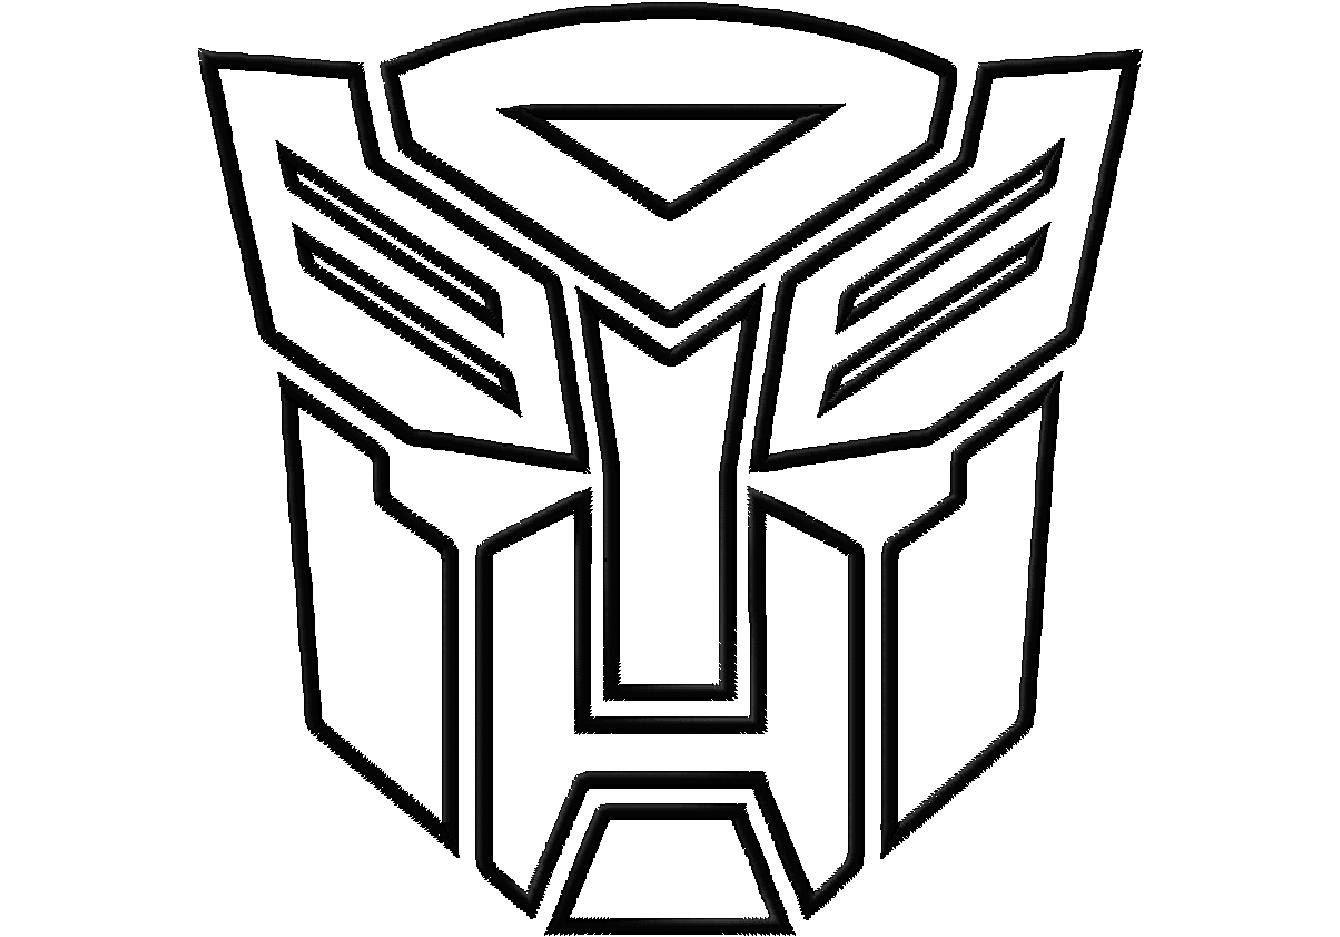 Pin Transformers Logo Stencil Ajilbabcom-Pin Transformers Logo Stencil Ajilbabcom Portal on Pinterest - ClipArt Best  - ClipArt Best-3
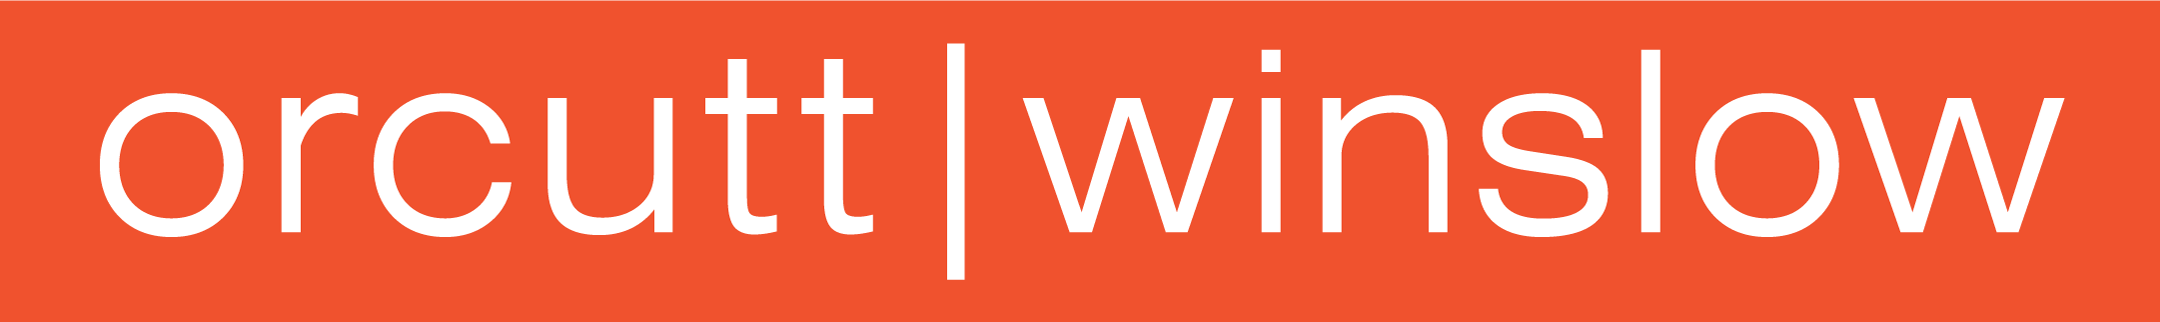 orcutt winslow logo
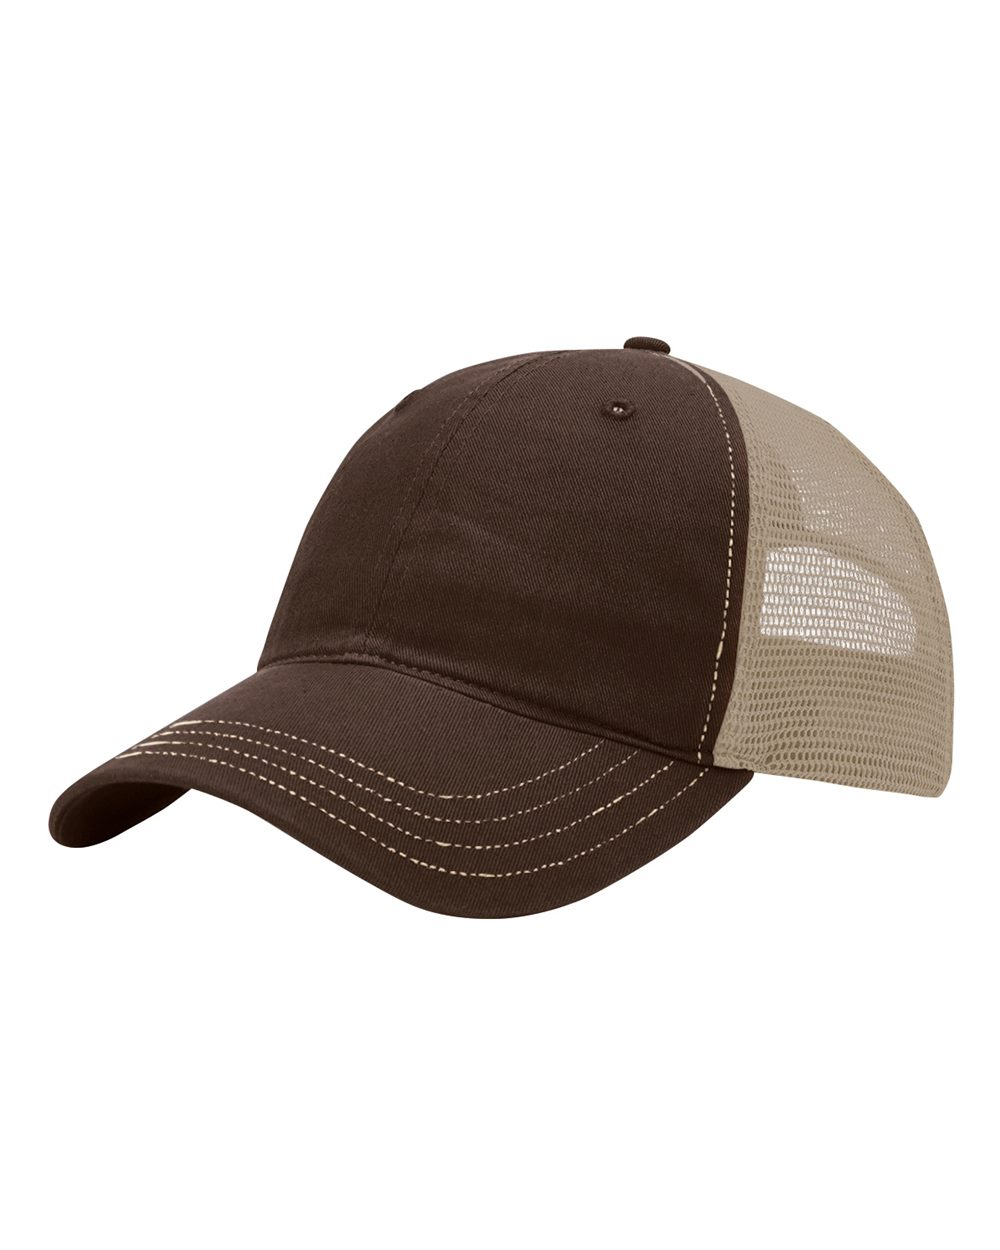 cc7e26c57a9eb Richardson 111 - Garment Washed Trucker Cap  5.75 - Headwear

.....

[EXERCISE INSTRUCTIONS]: The output must start at the line holding "orcutt winslow logo", end at the last line of the listing above, and show each line exactly; please omit all pictures.

[YOUR SOLUTION]:
 orcutt winslow logo
 cc7e26c57a9eb Richardson 111 - Garment Washed Trucker Cap  5.75 - Headwear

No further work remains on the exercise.